▶ **EXTRACTED DATA**
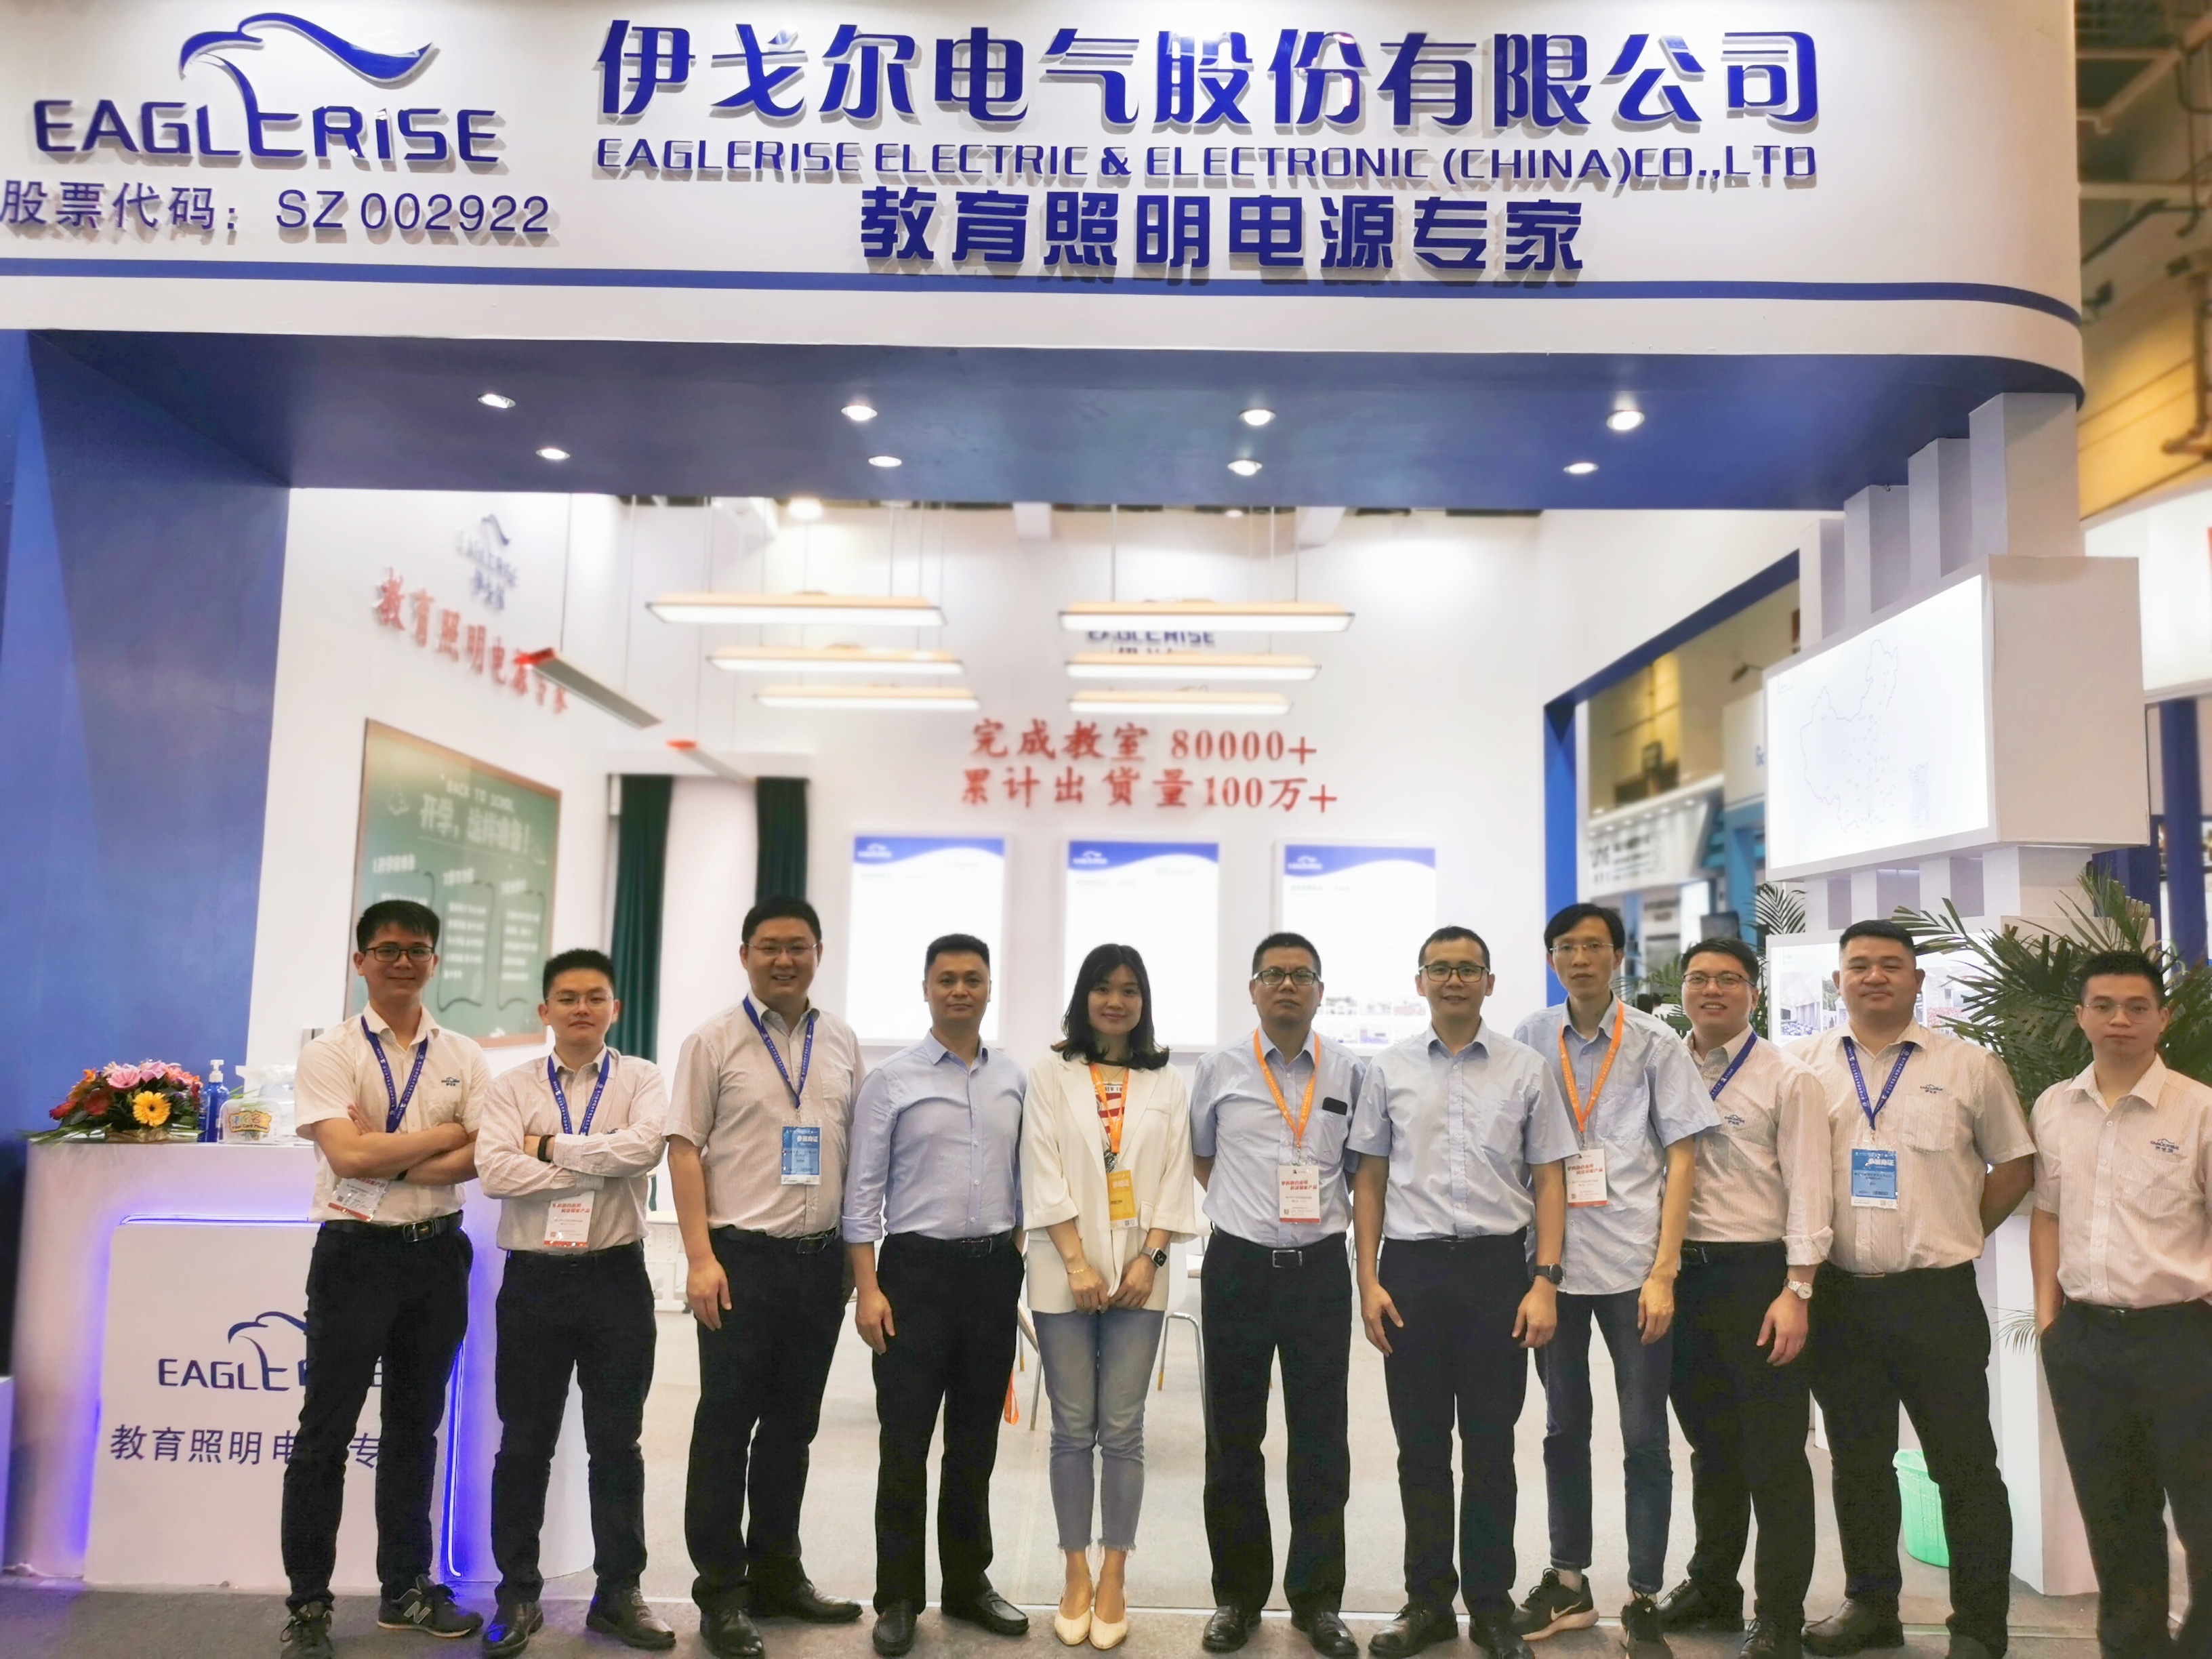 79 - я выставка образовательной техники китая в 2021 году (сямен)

* * *

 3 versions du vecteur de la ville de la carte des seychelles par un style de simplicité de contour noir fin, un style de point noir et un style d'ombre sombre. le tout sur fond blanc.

* * *

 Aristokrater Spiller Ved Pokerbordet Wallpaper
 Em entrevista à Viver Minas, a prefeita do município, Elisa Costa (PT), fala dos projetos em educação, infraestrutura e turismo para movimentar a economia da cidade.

▶ **ACTIVITY**
Retype, in the same exact form, the lines of the material above from the line holding "Aristokrater Spiller Ved" through the line holding "Em entrevista à".

▶ **RESPONSE**
 Aristokrater Spiller Ved Pokerbordet Wallpaper
 Em entrevista à Viver Minas, a prefeita do município, Elisa Costa (PT), fala dos projetos em educação, infraestrutura e turismo para movimentar a economia da cidade.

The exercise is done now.